Of course, as development increases in complexity, so does the testing required. A vital component of any successful testing scenario is test data management (TDM). It allows enterprise-level organizations to streamline, automate, and control all testing types used while reducing costs and increasing test quality. 

Table of Contents

What Is Test Data Management (TDM) in Software Testing?

Test data management is the process of creating, managing, implementing, and delivering test data. Traditionally, software development testing took place in decentralized silos, but TDM consolidates testing under the purview of a single team, group, or department. 

Test data management services gather the data necessary for automated software tests, including data from unit, integration, user interface, functional, performance, load, and general system tests. It involves obtaining and storing appropriate and accurate data required for automated tests, reducing or eliminating the need for human involvement in the testing process (a concept similar to robotic process automation).

As TDM has grown in popularity, it has expanded to include synthetic data generation, data masking, subsetting, artificial intelligence, and more.  

Ultimately, test data management increases the reliability and quality of the finished software product, resulting in a superior end-user experience. Also, the data obfuscation aspect of TDM helps organizations comply with all applicable data privacy laws and regulations.  

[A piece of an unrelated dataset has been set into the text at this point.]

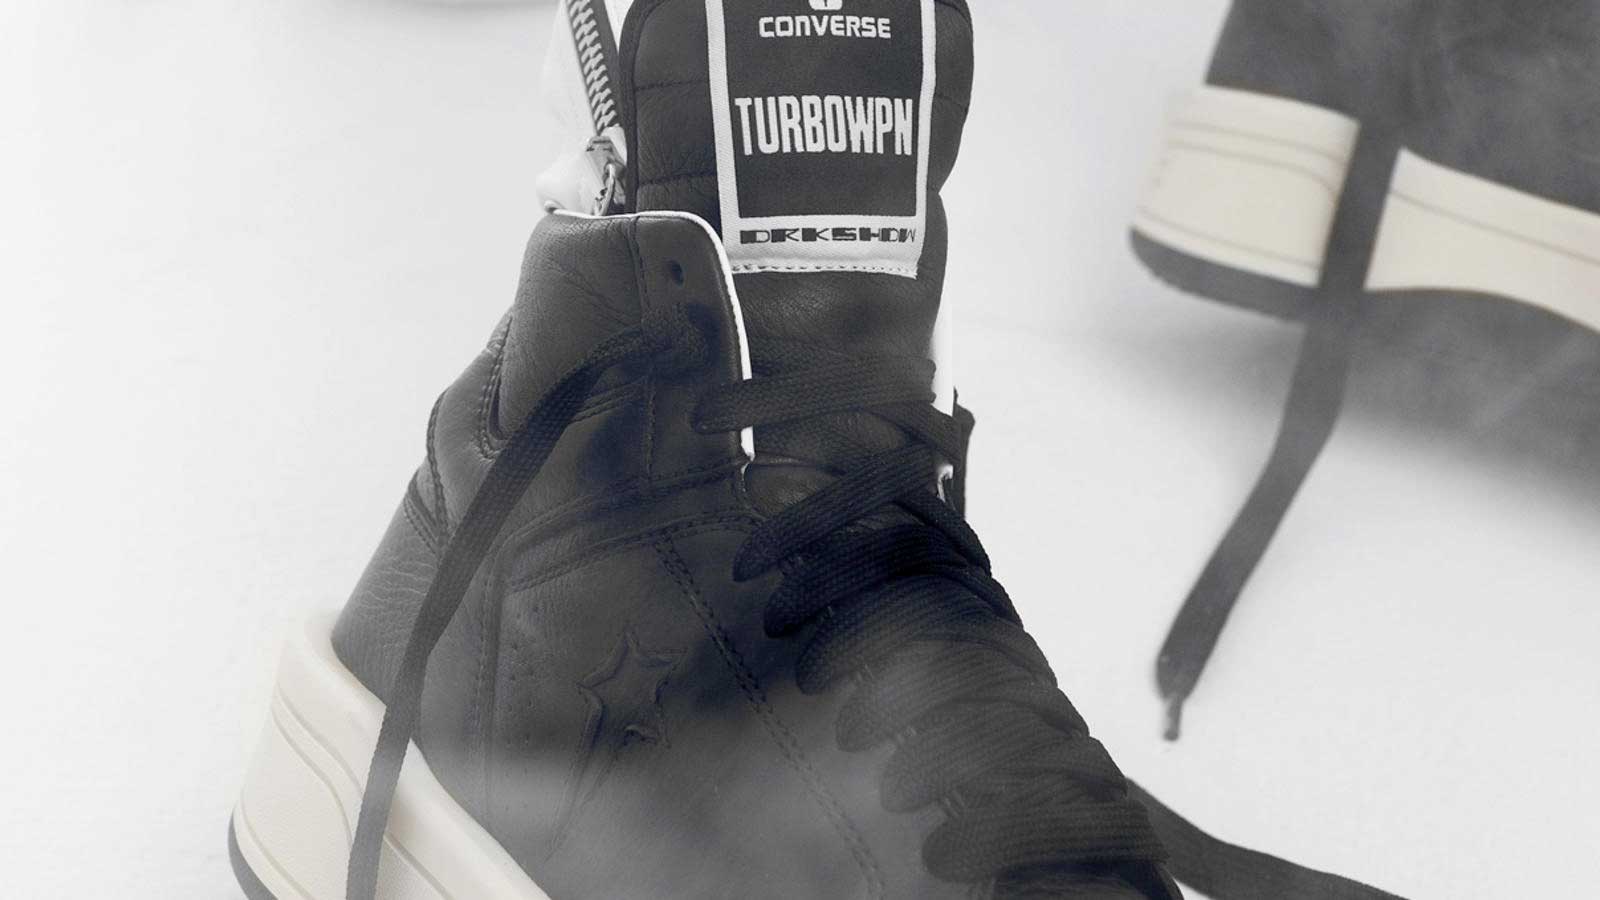 Las nuevas zapatillas Converse de Rick Owens: Turbowpn

Who Uses Test Data Management (TDM) in Software Testing?

While the answer to “everyone” might sound simplistic and broad, the truth is that test data management techniques benefit all types of software applications. If testing occurs during the development cycle (and it should), TDM processes increase the accuracy, organization, and usefulness of the results. 

Because all software development requires testing, TDM will benefit essentially any project. That said, certain organizations and applications practically mandate the use of a test data management strategy

Enterprise-level applications require TDM due to their complex, multi-faceted testing needs. TDM benefits all major testing areas found in enterprise development, including functional, non-functional, performance, and automation testing.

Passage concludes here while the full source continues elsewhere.